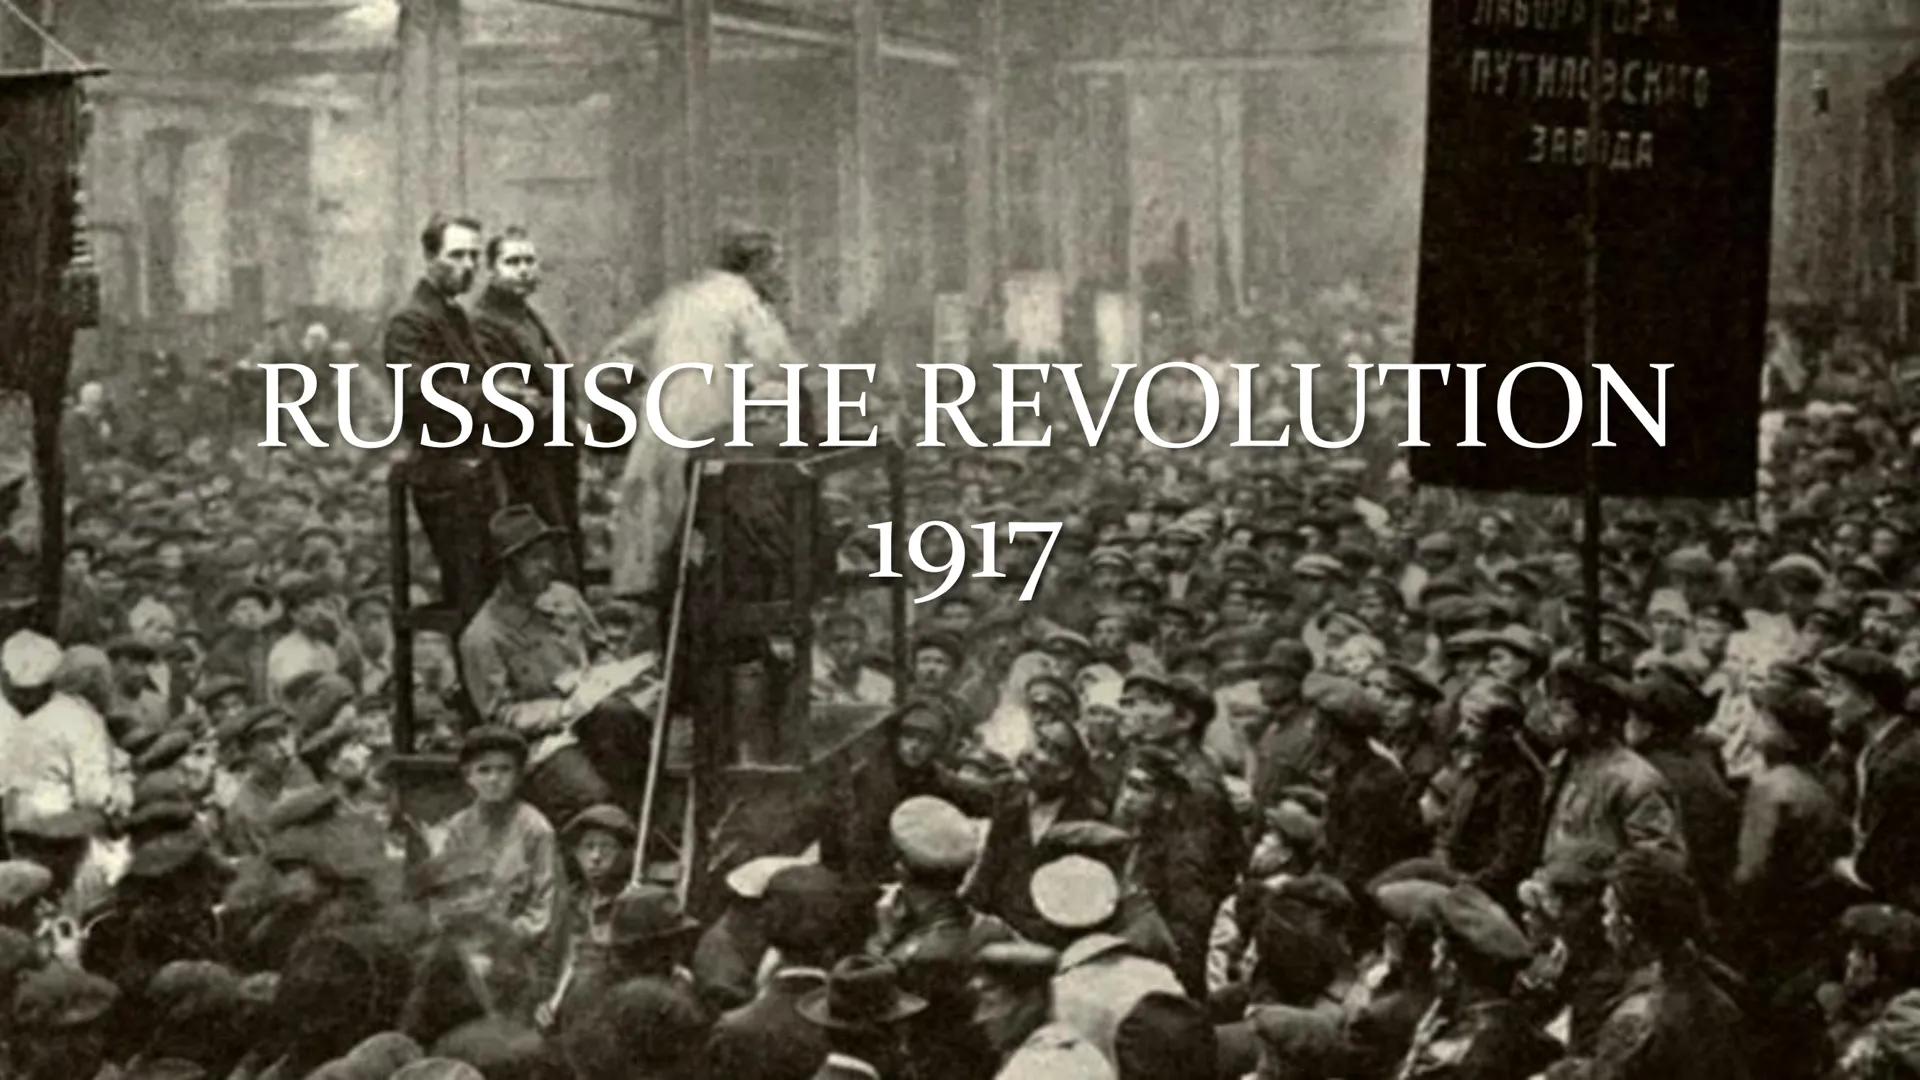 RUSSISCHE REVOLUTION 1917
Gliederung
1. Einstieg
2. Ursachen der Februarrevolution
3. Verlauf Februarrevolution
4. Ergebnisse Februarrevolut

◆ ◆ ◆ ◆ ◆ ◆ ◆

■ **Work order**: Reproduce all of the material exactly, apart from the pictures.

■ **Answer area**:
 RUSSISCHE REVOLUTION 1917
Gliederung
1. Einstieg
2. Ursachen der Februarrevolution
3. Verlauf Februarrevolution
4. Ergebnisse Februarrevolut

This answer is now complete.